Homeopathic Medicine: An Effective Alternative for Influenza PandemicsVitality Magazine November 1, 2009
With the recent outbreak of H1N1 (swine flu), which fortunately has resulted in relatively few deaths, the media has often alluded to the influenza pandemic of 1918, in which the death toll was up to 100 million or more worldwide, over a year and a half.
That kind of statistic is quite frightening if one imagines, or as health officials project, that even more deadly strains of influenza are potentially developing from reassortments of influenza RNA circulating among populations of pigs, birds and humans. The risk is potentiated by the swapping of RNA fragments to form new influenza viruses in huge factory farms of chickens and pigs, tended by low-income humans in developing countries such as Mexico, India, China and Indonesia, with limited access to medical care. The risk is compounded by the fact that new strains also may have the ability to become immune to existing influenza drugs such as Relenza, Tamiflu, and the amantadines, as some strains of swine (H1N1) and bird influenza (H5N1) have already done.
Influenza, a viral illness, takes about 48-72 hours to show symptoms after exposure. Most often it begins with a sore throat, cough and runny nose, similar to the common cold. What makes influenza different is fever, chills, severe fatigue to the point of prostration, and headaches, especially centered in the occciput and sinuses. There are marked aches and pains in the back, arms and legs, felt in the muscles or deep in the bones. The person often wants to lie down in a darkened room because of light sensitivity. The symptoms may progress to the chest, with burning pain under the sternum and a productive, often painful, cough. Severe cases of influenza can rapidly deteriorate into bronchitis and pneumonia, with shortness of breath, bloody sputum, and fluid in the lungs, sometimes leading to death.
Approximately 90% of deaths from seasonal influenza are in people over 65 years old. In the recent swine flu outbreak, death has more often come to younger people, with people over 50 largely unaffected. This is similar to the 1918 swine flu pandemic, which also hit the younger generation hardest.
In the 1918 outbreak, death often came swiftly, even in a single day, which has not typically been the case in the current pandemic, and nearly 30% of cases died (without the benefit of anti-viral drugs). In fact, the overall mortality rate of the current pandemic as of May 19, 2009 was 79 deaths out of nearly 10,000 reported cases in 40 countries, though 95% of the cases have been counted in North America. Out of 5,123 cases in the U.S., only six have died. Five of these were compromised by existing health conditions. Since a typical seasonal flu in the U.S. may kill as many as 36,000 people out of 10 million infected per year, it is possible that this swine flu may be more deadly in developing countries such as Mexico, but not as likely to result in death in the developed world. Of course the eventual number of people infected may total many more if the infection were to progress geometrically for sufficient time, resulting in far greater mortality.
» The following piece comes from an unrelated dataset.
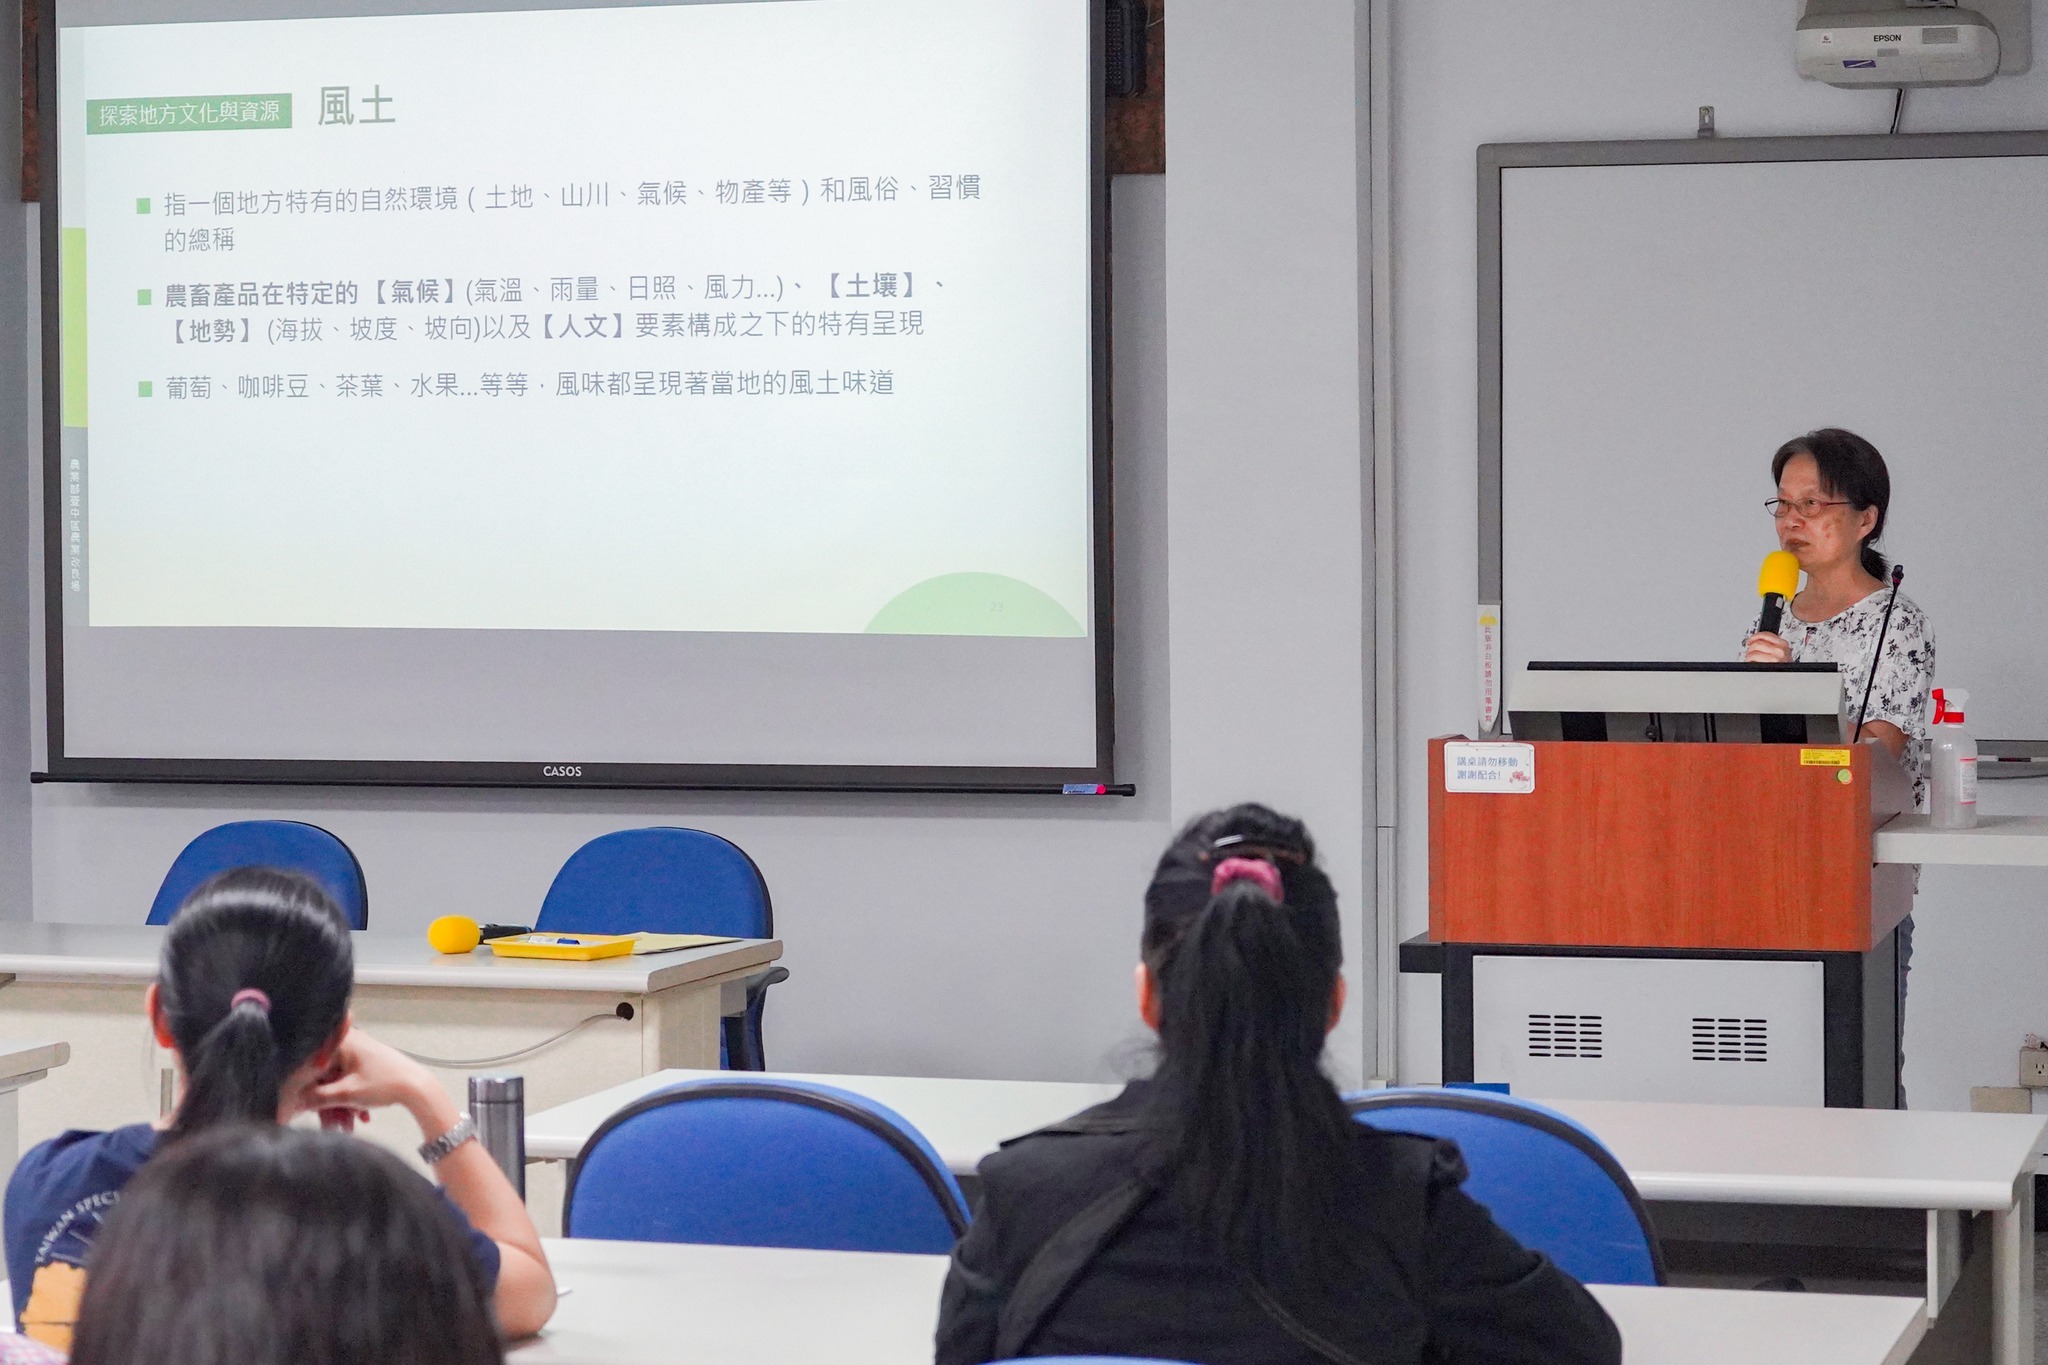 張惠真研究員講授食農教育內涵與活動設計。

THE WESTERN MEDICINE APPROACH
The public health approach to dealing with influenza locally and globally, promoted by the World Health Organization (WHO), is to vaccinate populations against influenza on a yearly basis or whenever pandemics threaten, and to treat with antiviral drugs and supportive care to reduce mortality. These measures can be quite helpful, but are insufficient to prevent a pandemic from spreading globally.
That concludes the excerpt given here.